And he shook his head disapprovingly, as though he
had grave doubts whether this game were worth the
candle.

“Would you like to go into my
study?” Levin said in French to Stepan Arkadyevitch,
scowling morosely.  “Go into my study; you
can talk there.”

“Quite so, where you please,”
said Ryabinin with contemptuous dignity, as though
wishing to make it felt that others might be in difficulties
as to how to behave, but that he could never be in
any difficulty about anything.

On entering the study Ryabinin looked
about, as his habit was, as though seeking the holy
picture, but when he had found it, he did not cross
himself.  He scanned the bookcases and bookshelves,
and with the same dubious air with which he had regarded
the snipe, he smiled contemptuously and shook his
head disapprovingly, as though by no means willing
to allow that this game were worth the candle.

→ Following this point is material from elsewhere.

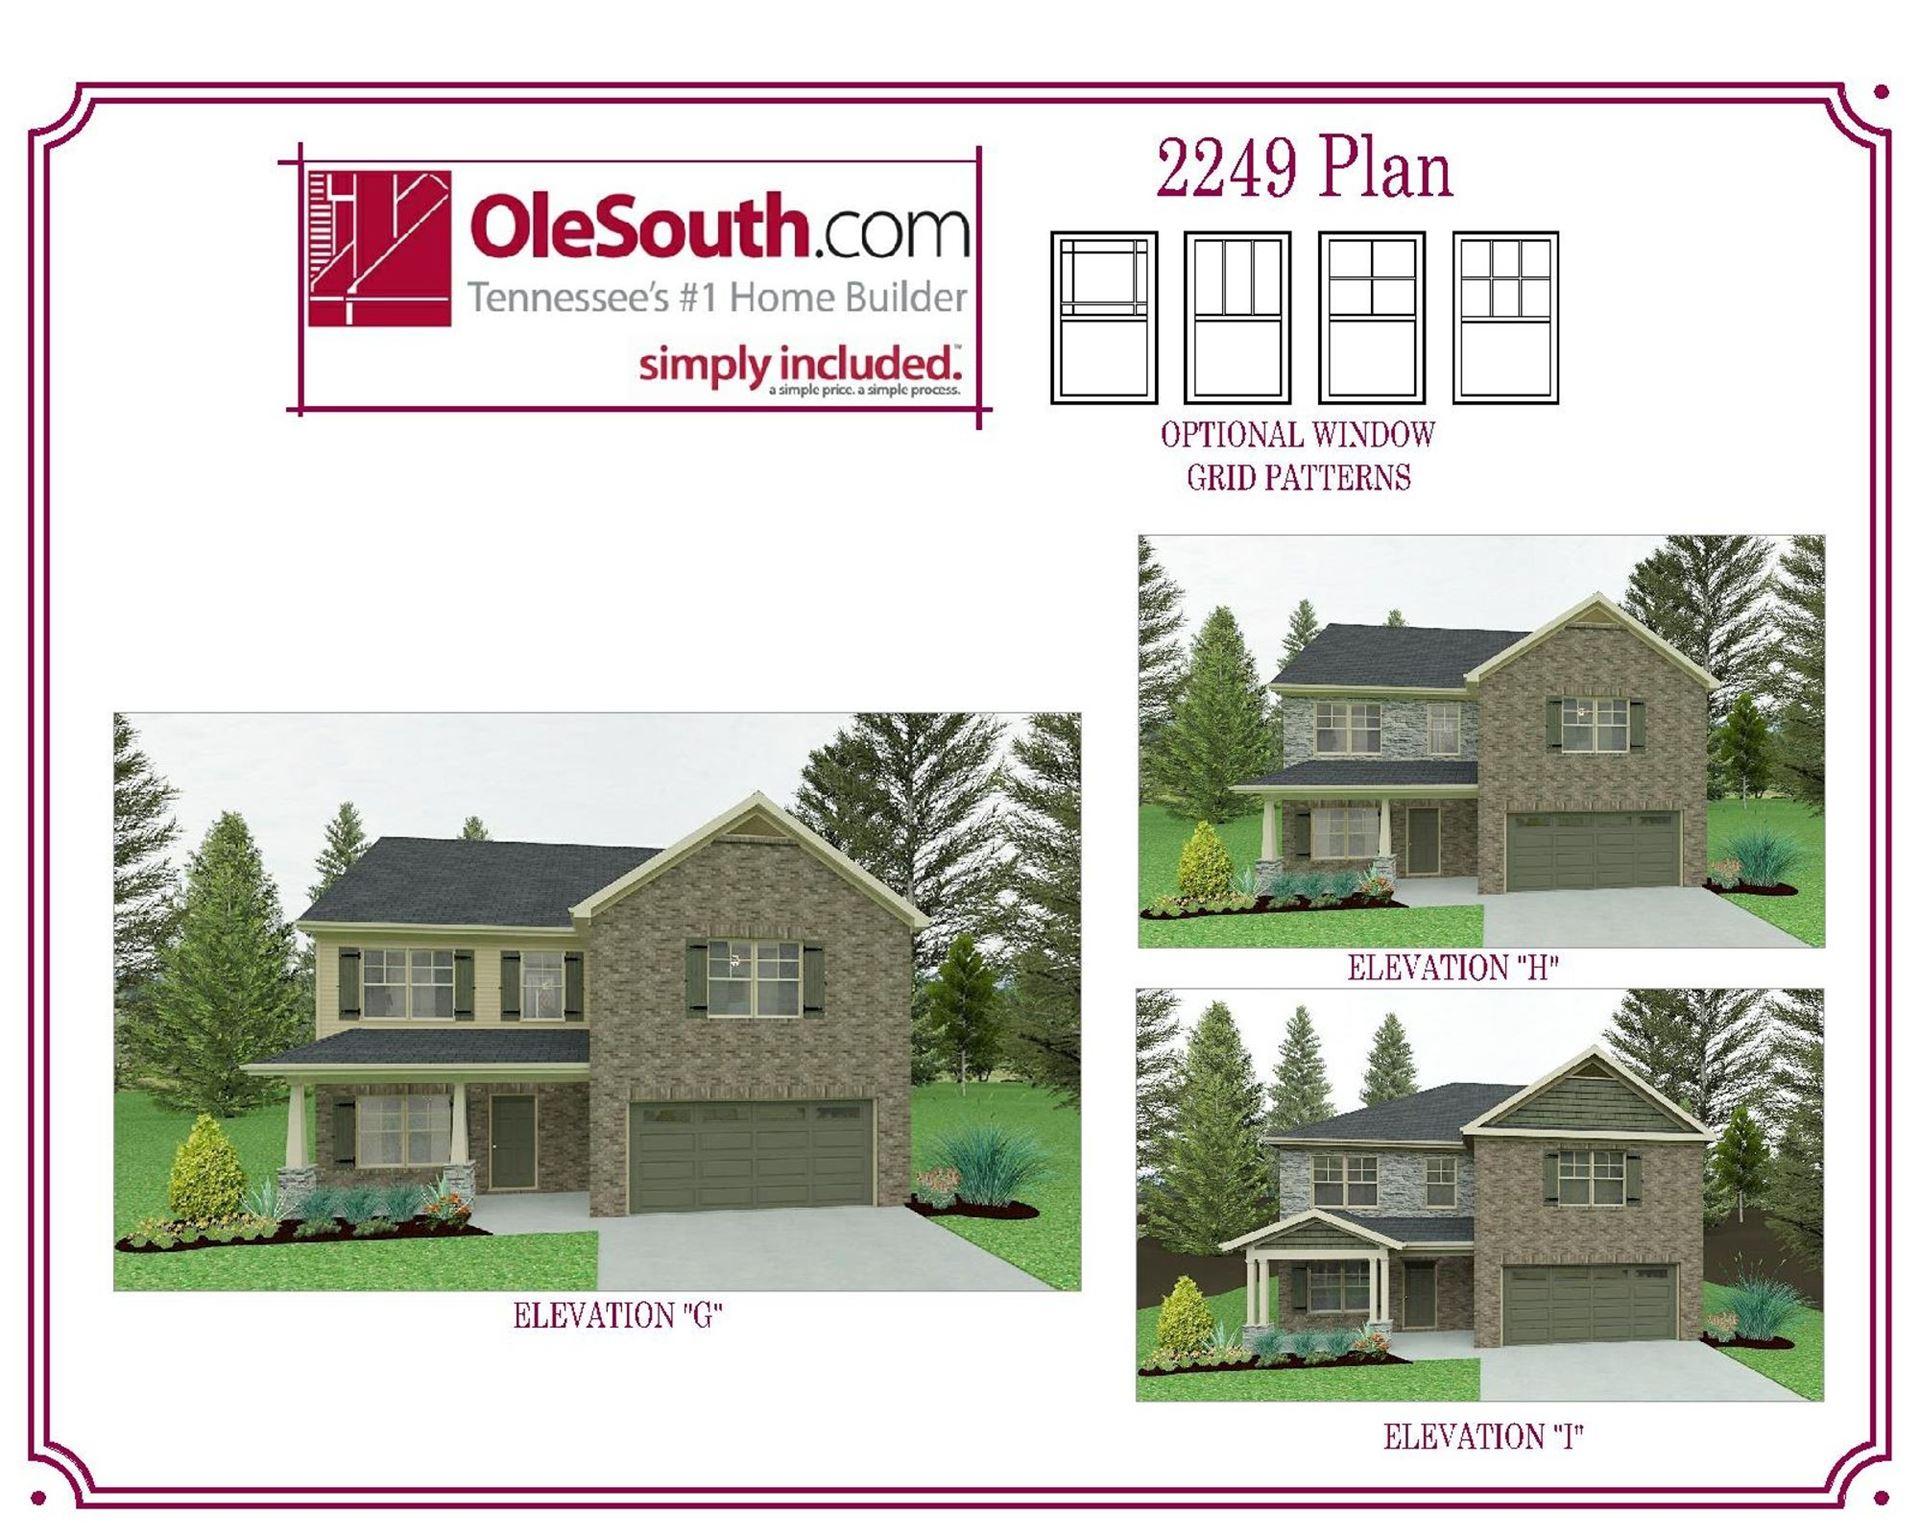 797 Callie Lane (Lot 47), Pleasant View, TN 37146 - MLS#: 2275621
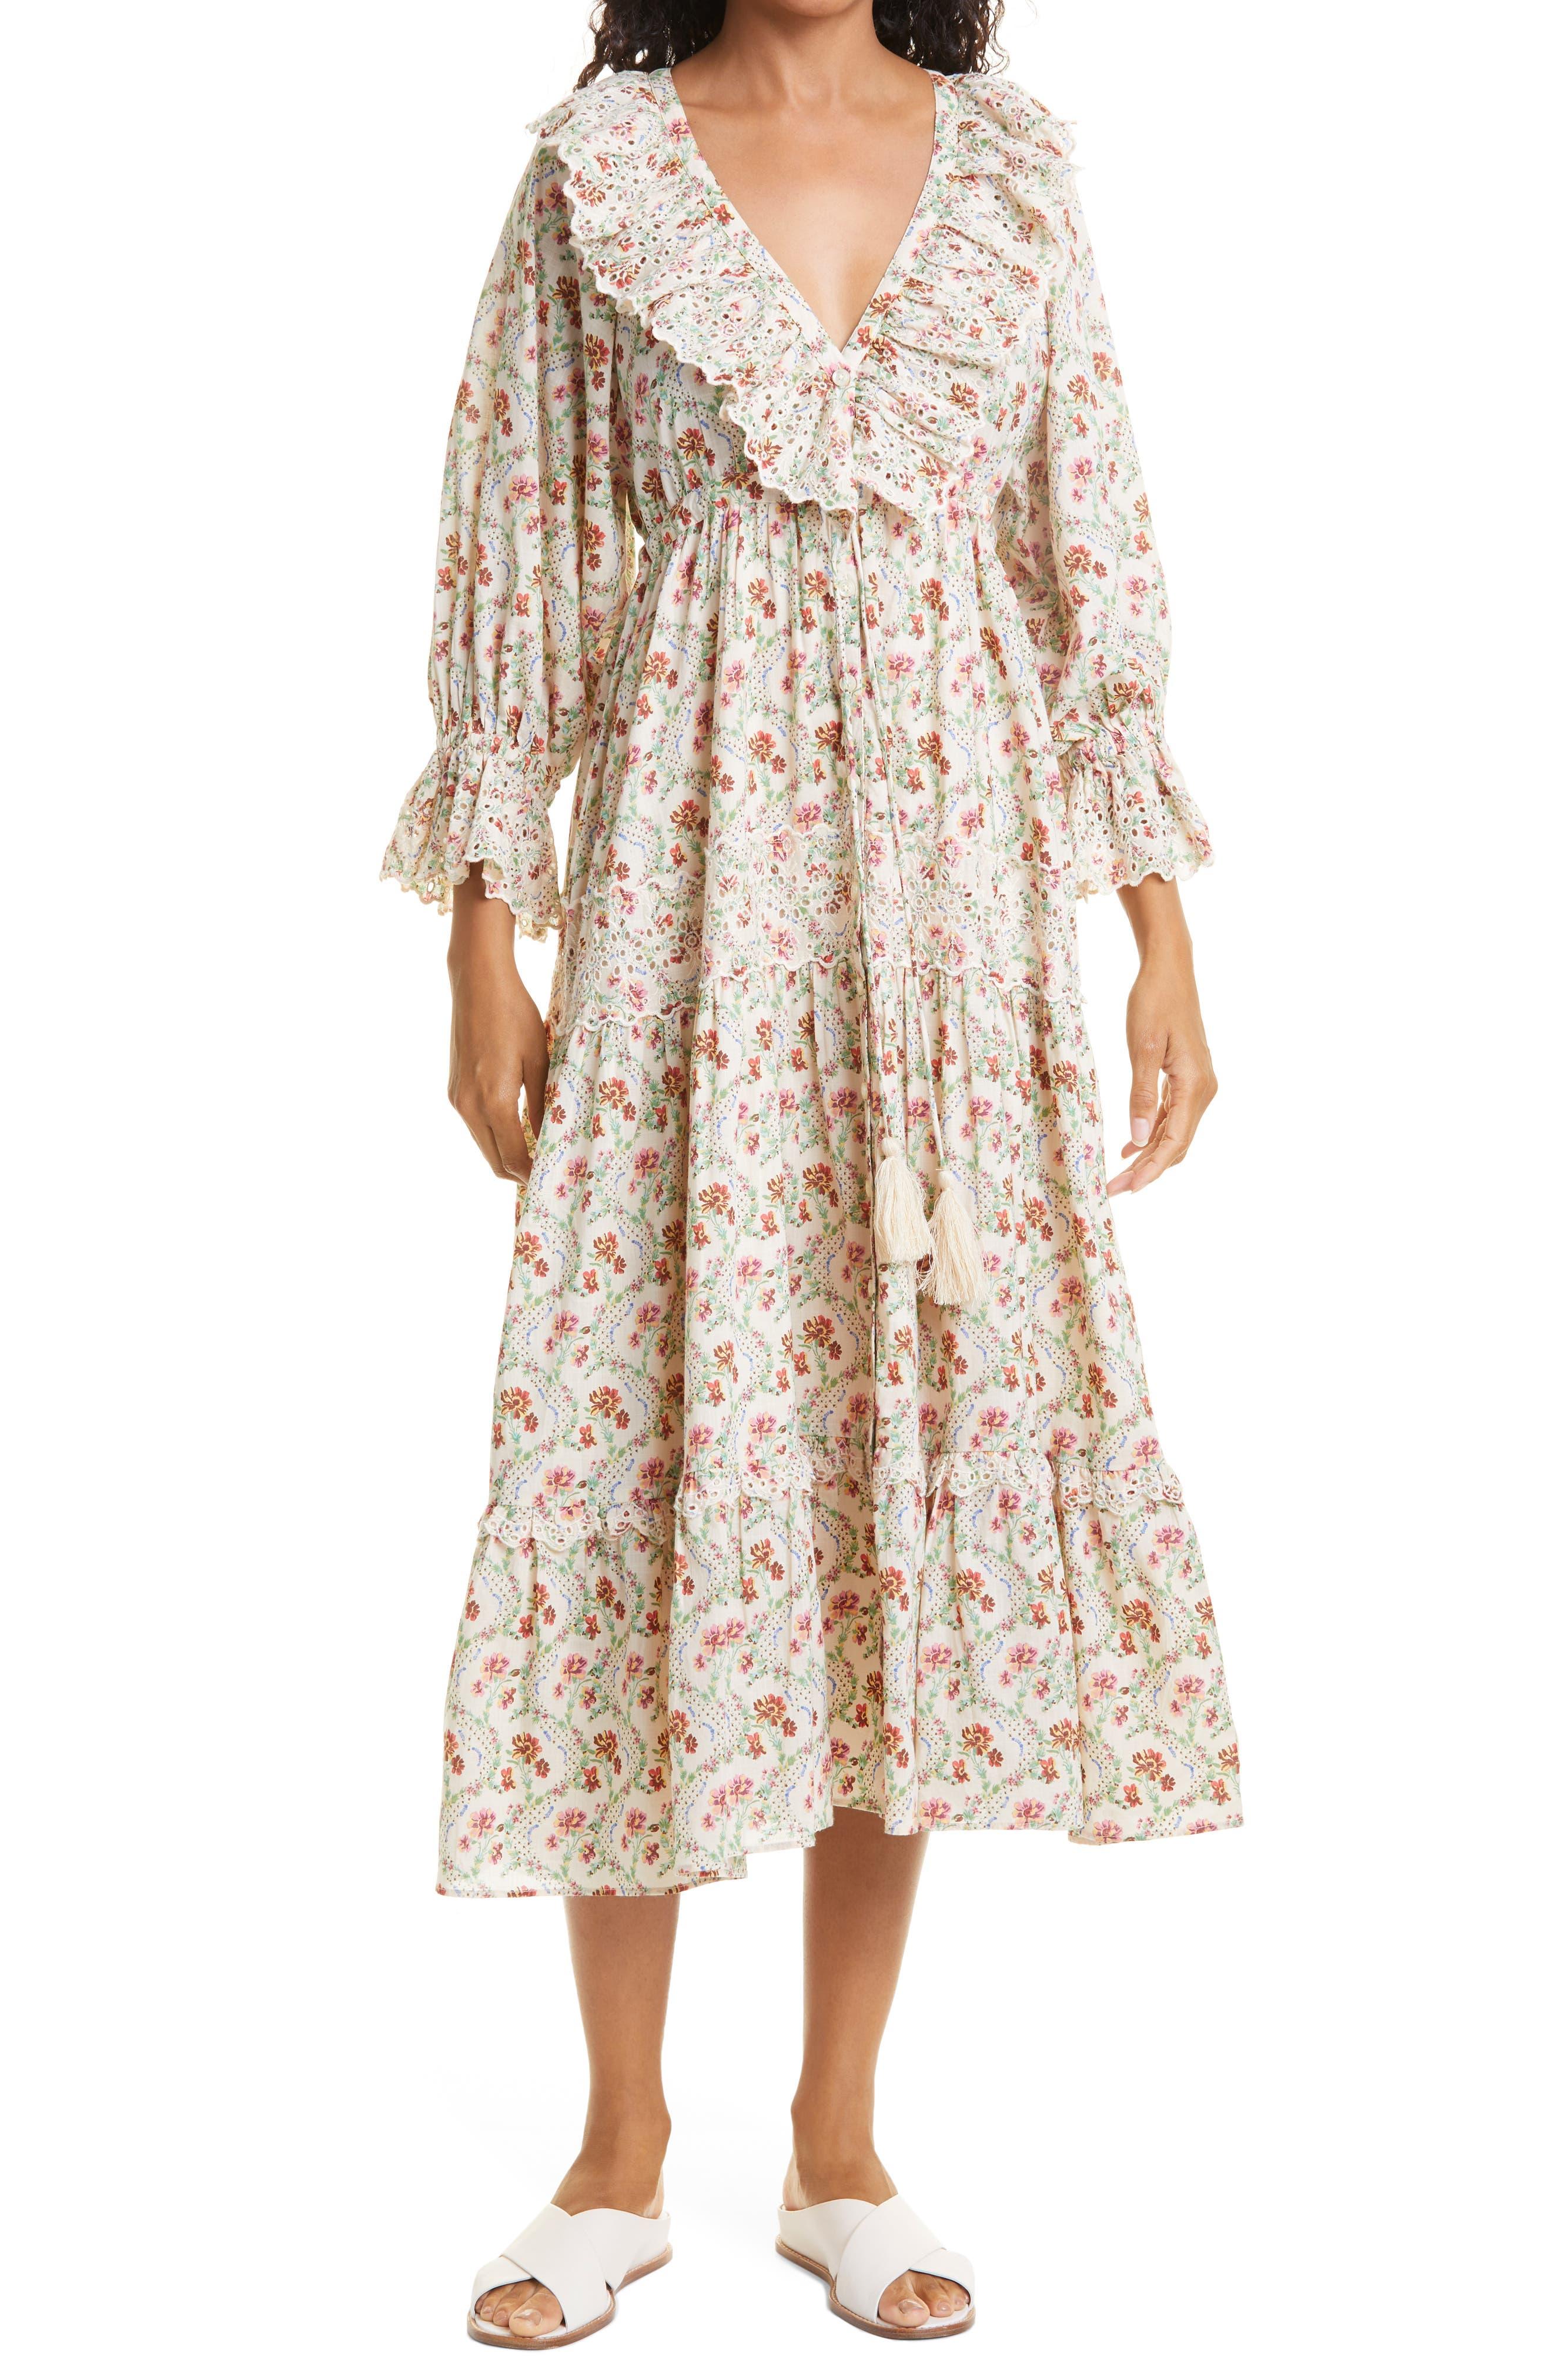 Floral Eyelet Trim Midi Dress

“Well, have you brought the
money?” asked Oblonsky.  “Sit down.”

“Oh, don’t trouble about
the money.  I’ve come to see you to talk
it over.”

“What is there to talk over?  But do sit
down.”

“I don’t mind if I do,”
said Ryabinin, sitting down and leaning his elbows
on the back of his chair in a position of the intensest
discomfort to himself.  “You must knock
it down a bit, prince.  It would be too bad. 
The money is ready conclusively to the last farthing. 
As to paying the money down, there’ll be no
hitch there.”

Levin, who had meanwhile been putting
his gun away in the cupboard, was just going out of
the door, but catching the merchant’s words,
he stopped.

“Why, you’ve got the forest
for nothing as it is,” he said.  “He
came to me too late, or I’d have fixed the price
for him.”

Ryabinin got up, and in silence, with
a smile, he looked Levin down and up.

“Very close about money is Konstantin
Dmitrievitch,” he said with a smile, turning
to Stepan Arkadyevitch; “there’s positively
no dealing with him.  I was bargaining for some
wheat of him, and a pretty price I offered too.”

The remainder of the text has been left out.